Interface Implementation by Dictionary<TKey,TValue>
public class Dictionary<TKey, TValue> : IDictionary<TKey, TValue>, ICollection<KeyValuePair<TKey, TValue>>, IEnumerable<KeyValuePair<TKey, TValue>>, IDictionary, ICollection, IEnumerable, ISerializable, IDeserializationCallback
Screenshot for the above declaration
Summary
Through out the article rather than concentrating on how to use ArrayList , List<T> , HashTable etc but I was more concerned on what are the interfaces implemented by these collection classes.Their usage is very well documented and explained in numerous articles and blog but highlighting what interfaces they implement provide following two important benefits.
- Understanding of collection classes in .Net framework and over all class hierarchy is enhanced.So next time if you are reading some standard text , and if it uses IList<T> , through out the context then you are sure that what ever is said is applicable to List<T> class and to any class that implements IList<T> interface.In fact books which I refer for .Net programming , their authors always speak in terms of interfaces and abstract classes.The fundamental principle behind this is “programming to supertype” or “programming to interface”.You can read more on this in the following article “Program to an interface, not an implementation”.
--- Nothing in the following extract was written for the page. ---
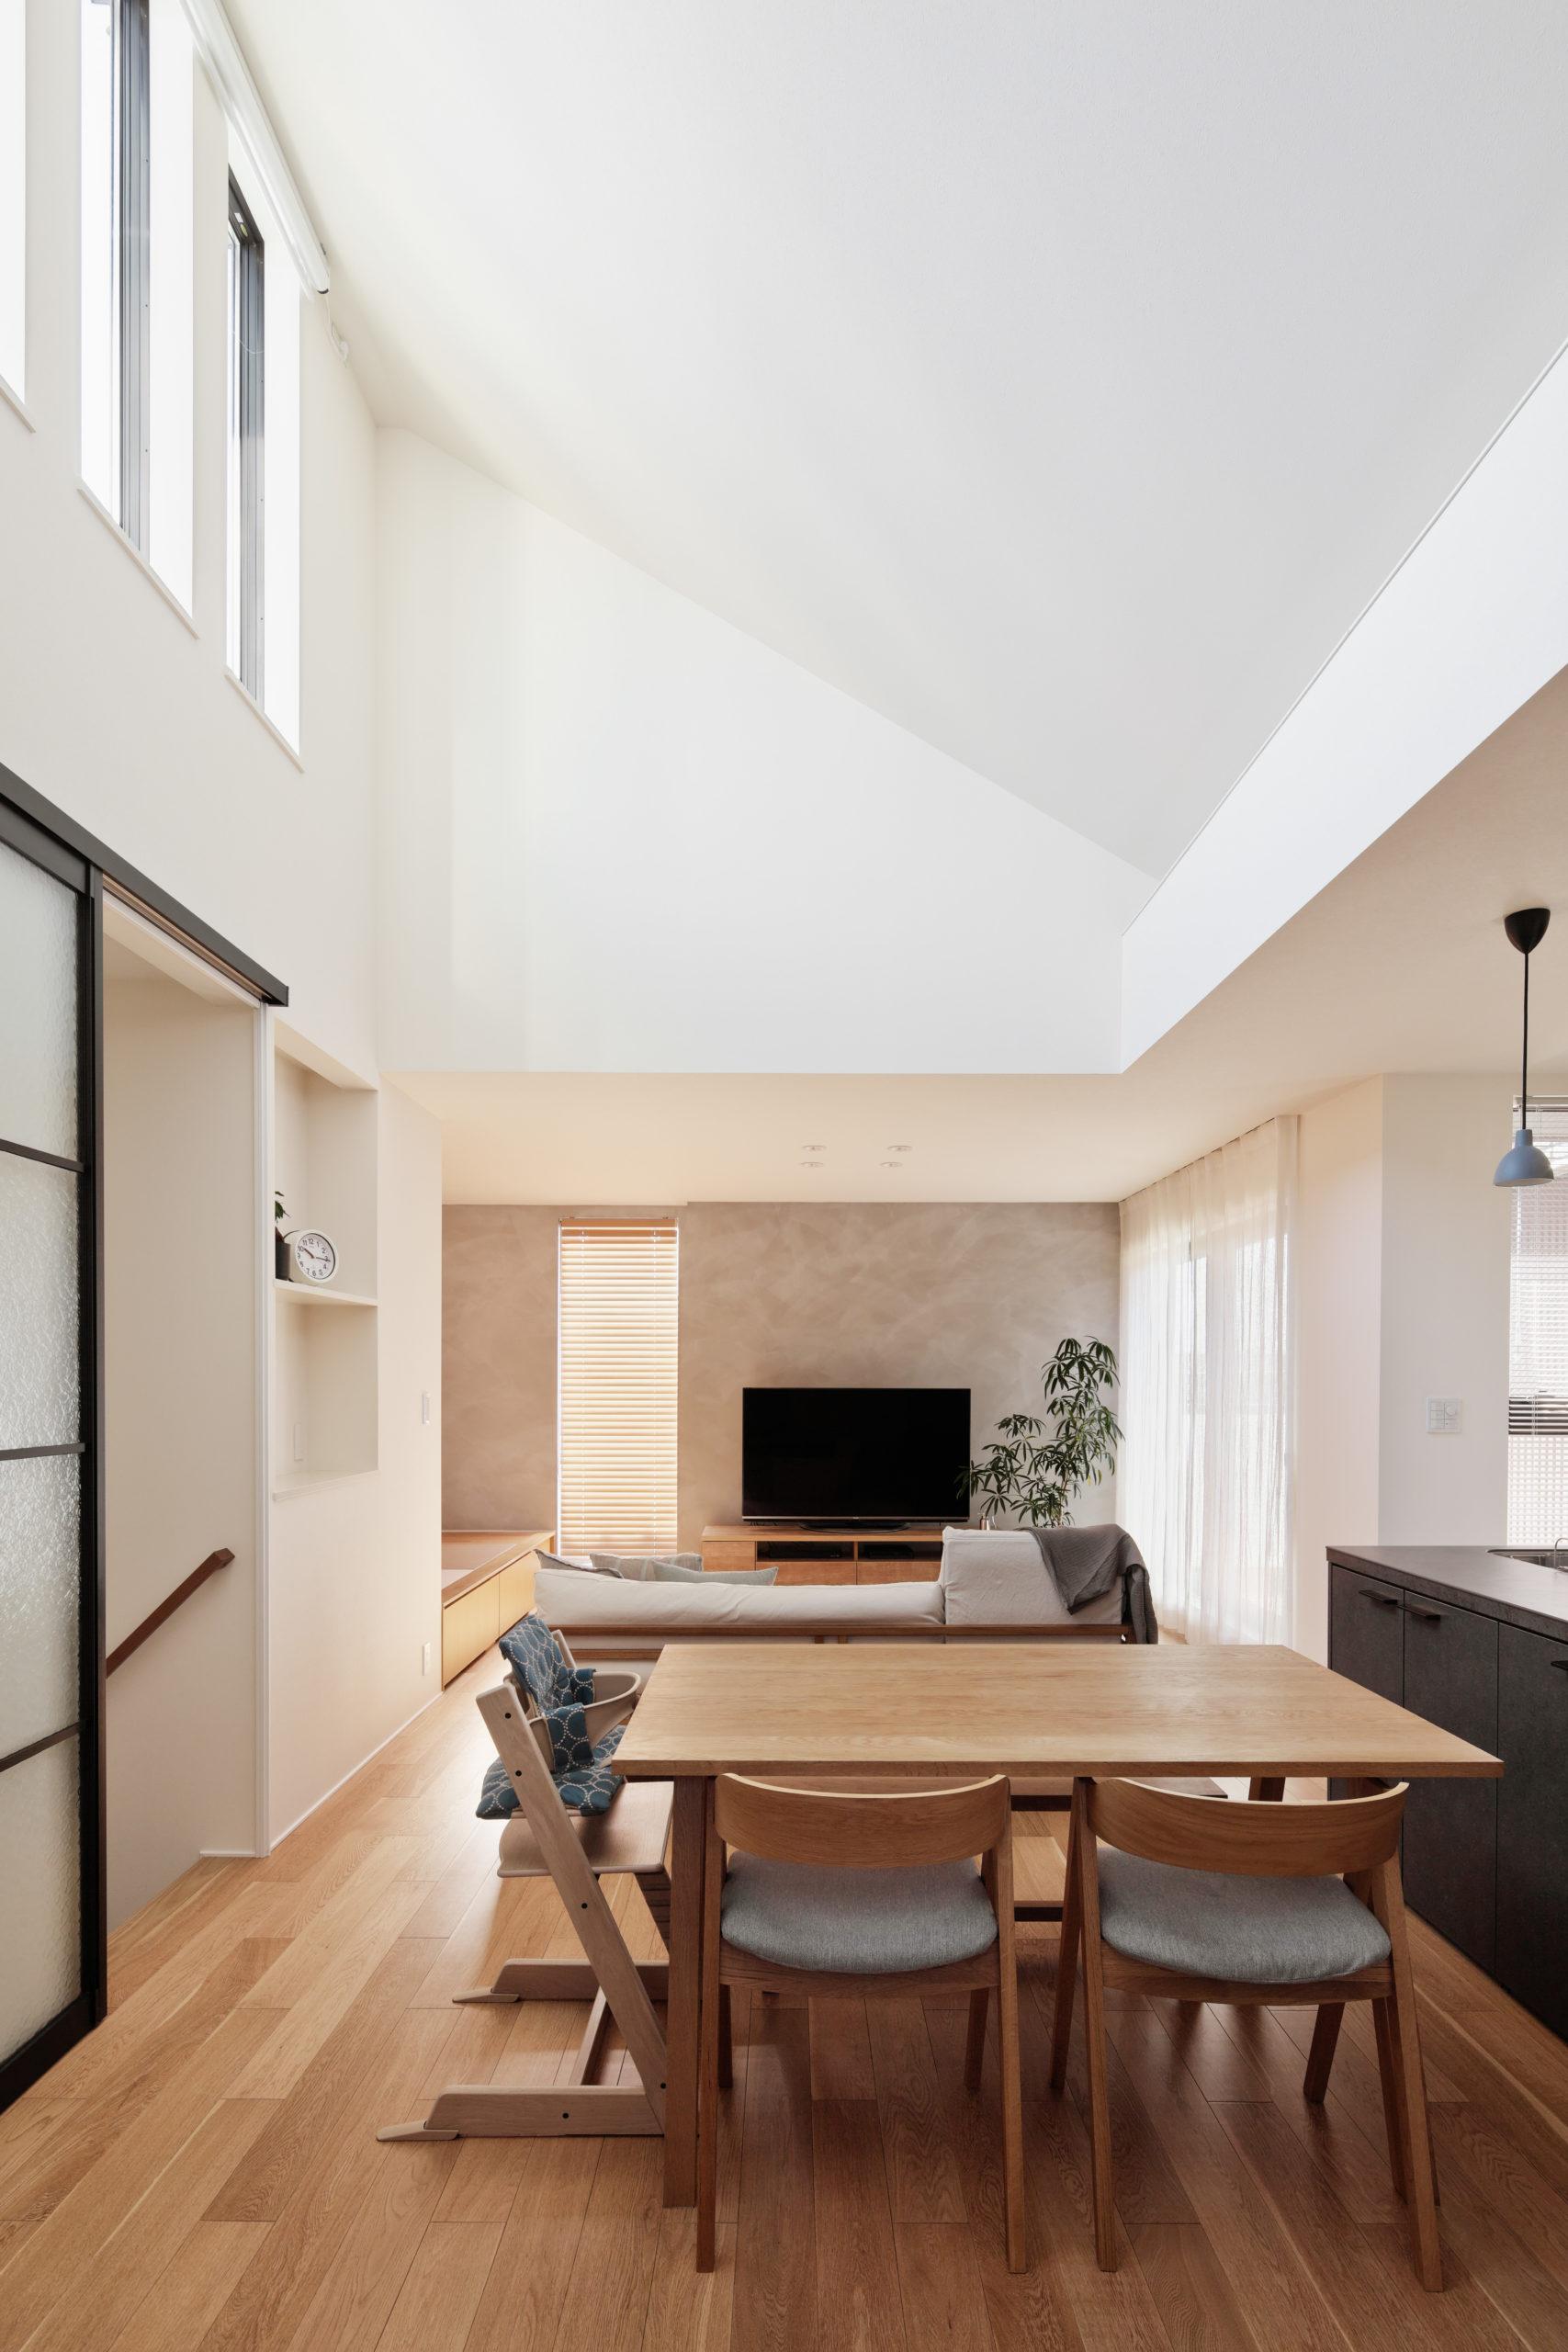 伸びのあるまっすぐな家具配置で広がりを感じられます

- Method’s Parameter Type : When defining methods parameter type , its always better to specify the weakest type i.e. prefer interface over base classes.For example if you have a method that manipulates a collection then its better to specify the parameter type as IEnumerable<T> , rather than specifying concrete class like List<T>.Consider the following code:
// Desirable
private void Print(IEnumerable<string> items);
//Undesirable
private void Print(List<string> items);
Reason first method can be called by passing object that implements the IEnumerable<T> interface like Dictionary<TKey,TValue>,HashSet<T> , LinkedList<T> etc.Anyways if you are writing a method which expects a list then you should declare the parameter type as IList<T> rather than specifying List<T>.